Hacker News new | ask | show | jobs
by collaborative 1228 days ago
Sure SQL DBs can have all the advantages of NoSQL DBs and then some... but they will never have a lower price tag. And that's because NoSQL DBs use very, very little CPU. All that's needed is giving up reliance on SQL. Design your NoSQL "schema" with this in mind, and you're golden
1 comments

Very little CPU depending on sorting, indexes, etc...

Have a lot of indexes on a collection? Mongo will eat 5-10ms of CPU time per query even with cached query plan stats just to start executing the query. So no different than PG here.

What you're getting at is Joins, but I haven't seen a company that didn't end up doing joins with Mongo at some point. Or, they do it in the app layer, in Java/Node/PHP which requires more CPU than it would in the DB.

Also, wanna store an array in a document in Mongo? Every time you add to that array, the whole array is replicated to your secondaries. That eats a lot of CPU.

But you are describing incorrect ways of using NoSQL. NoSQL requires getting the schema right from the get go. Many people don't like it because they are used to relying on SQL (or a language like you mentioned) to smooth things out. NoSQL requires you to ask yourself hard questions - what specific queries are going to consume this data and then model the data as opposed to in SQL where you just store the data and worry about querying it later. This produces efficient queries that ultimately don't need as much CPU
This is completely opposite to the raison d'ĂȘtre of NoSQL databases. They all started out without support for schemas because there was a desire to get away from the schema-upfront and rigidness of SQL databases. They were created to be able to drop in whatever you want as opposed to SQL databases that has strict rules about what goes in.
Differing structures don't necessarily require more compute to query.

Anyway this is a weird argument. Ideally you get your schema right from the get go no matter the DB, of course things will be easier. But we don't. That's why we have migrations. Also, what's right today, might not be after acquiring Jonny Big Corp.

The whole point of NoSQL is to dump documents into it, of varying structure, and query/index them as-needed.

Some claim the opposite, though. Even in this discussion. That NoSQL is needed when you need to change the schema in a production system.

Anyway, most systems that last more than a couple of years tend to change over time, meaning the schema is likely to need extensions.

Sure, changing the schema is easier in NoSQL. But to do it properly, you still need to really understand how the data is being queried and then change the schema in a controlled "migration". For most people these tasks will be a pain. But NoSQL can really shine in terms of $/query if data is being correctly looked after. It will save you from needing 16 cores in multiple clusters and very expensive bills
That's interesting.

A lot of your suggestions are actually exactly the same for SQL based databases. If your schema is not fit for the task at hand, it can slow it down by an order of magnitude, and the process of changing schema is also similar.

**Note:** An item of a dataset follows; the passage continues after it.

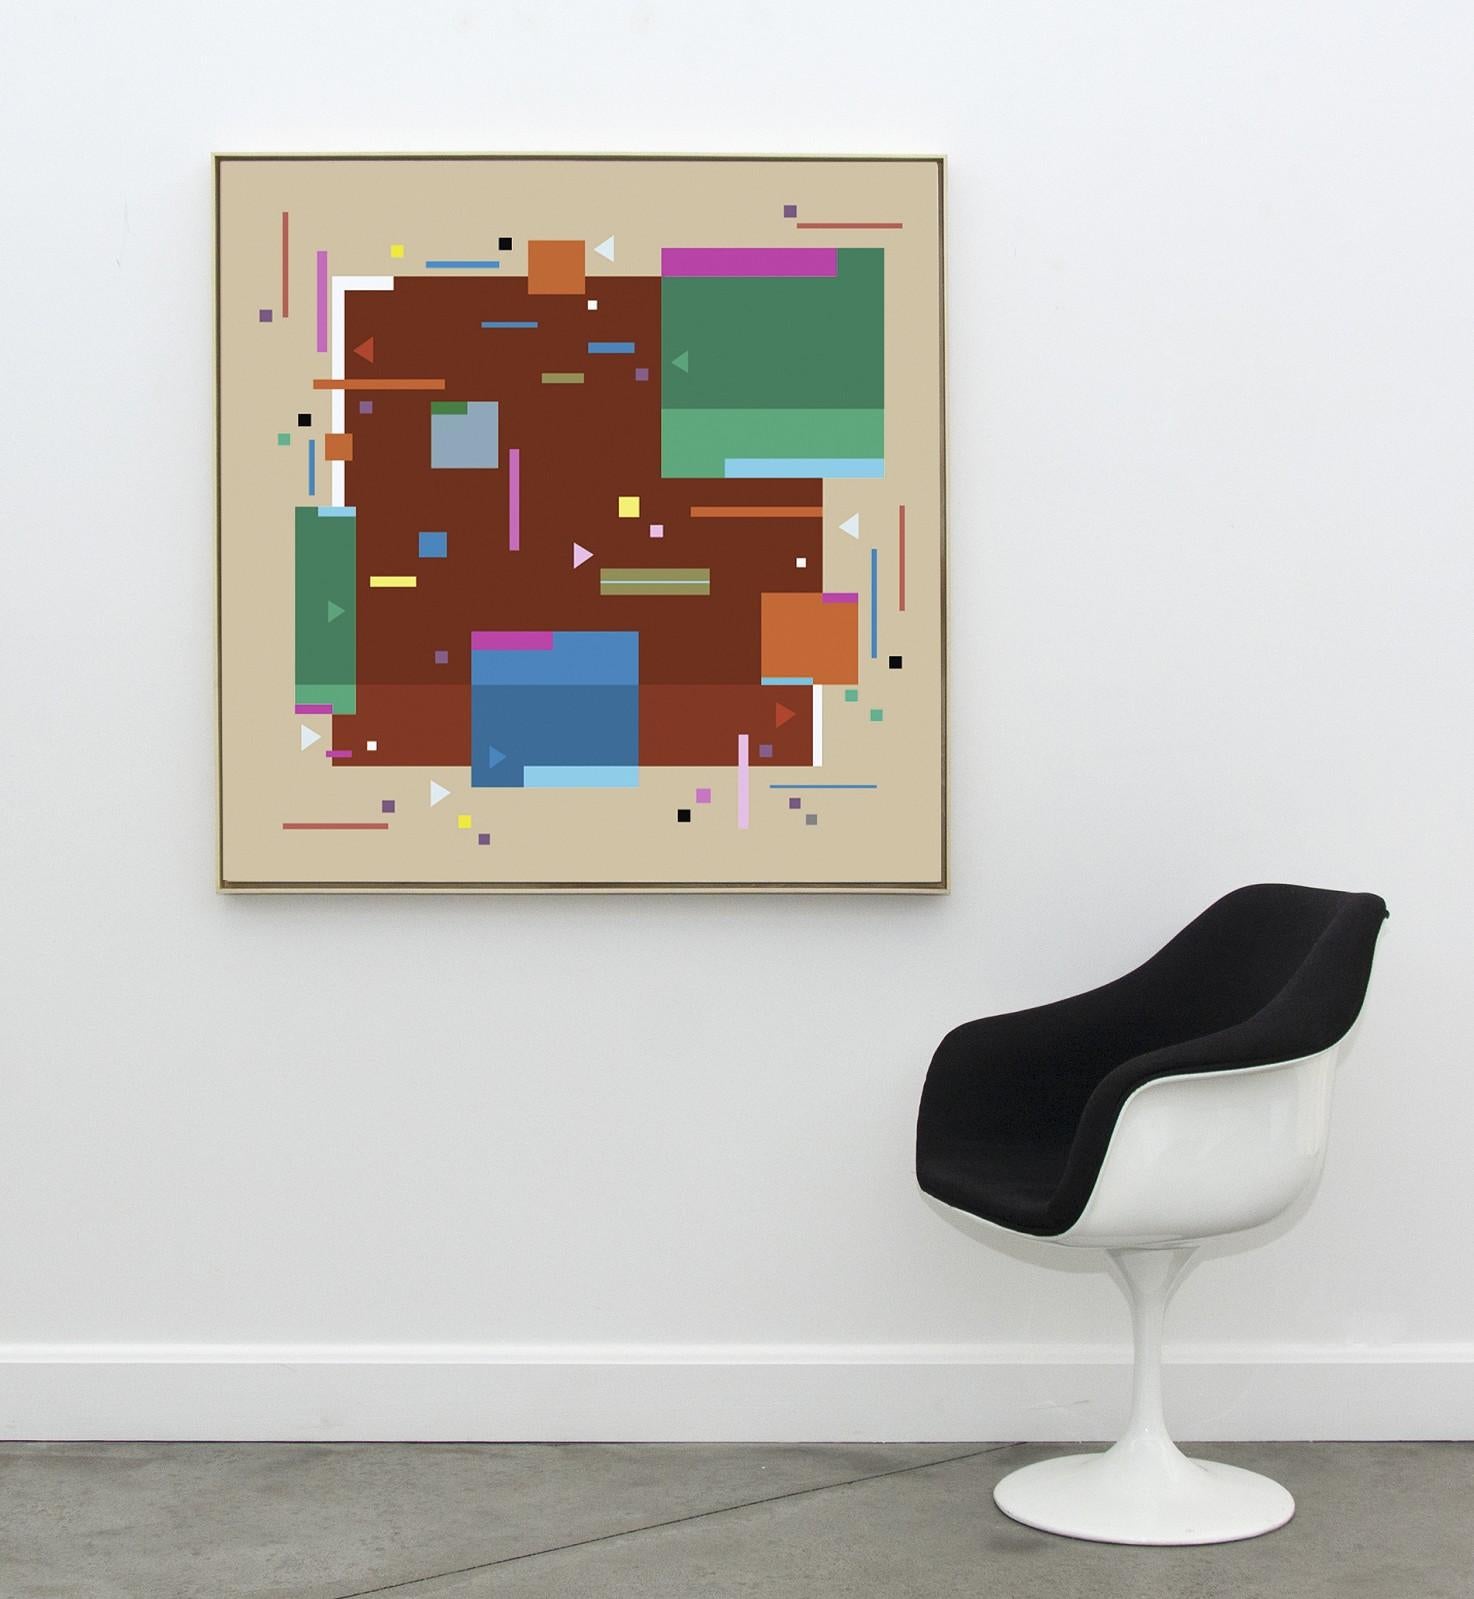 Les peintures modernes et graphiques de Kramer expriment une abstraction lyrique et géométrique par un jeu harmonique de formes syncopées de tailles et de couleurs différentes. 

Formé à l'Université de Yale (MFA), à l'Institut de design de

Though, i would think, a properly designed SQL database would need such full schema refactoring less often, since adding a few tables within the same structure is easier.

It sound like you're describing use cases with greater data volumes than I usually use SQL for. (Mostly Data Science use cases, where larger datasets typically end up in Spark, or similar)

My experience is that SQL based systems work best up to a few 100 millions of records in the largest tables (a few billion at most), and with transactions per second is less than about 10000. Around those volumes is where SQL start to get really expensive.

And often SQL is used for use cases where number of records per table of less than 10 million and transactions per second in the low hundreds or lower.

But I'm probably biased in the opposite direction that you are. For me, performance usually means efficient joins. Which means that even if I'm leaving RDBMS's behind, I still use SQL where I can (such as in Spark).

Efficient joins in NoSQL are done by persisting the relation in a brand new entity. Thus they only make sense when the query is really and constantly needed, not when one is writing up SQL, researching, creating a custom report, etc.

NoSQL DBs take large volumes of data, little CPU, and almost no RAM

SQL DBs take lower volumes of data, loads of CPU and RAM

Storage is cheap, CPU is expensive, hence NoSQL is cheap. Even when your project is not in the 100 of milions records this can be significant because you then are able to offer a cheaper product than the competition's

This is true, it's also very difficult to do in most business situations (getting the schema right from the get go).
It's hard but it's still possible to change it. It's just very important to do it carefully and knowing what the consequences are. I have had to iterate NoSQL schemas several times, and I always prefer do treat their evolution as migrations done out-of-hours
Which seems to imply a static schema, known more-or-less perfectly at the outset, and unchanging thereafter. That is obviously unreasonable. Application data structures change as new requirements arise, and as existing requirements become better understood.
> Which seems to imply a static schema, known more-or-less perfectly at the outset, and unchanging thereafter. That is obviously unreasonable.

Is it? Most of AWS runs on NoSQL databases, and continues to ship new features that do not fit into existing schema. This assertion then is clearly incorrect.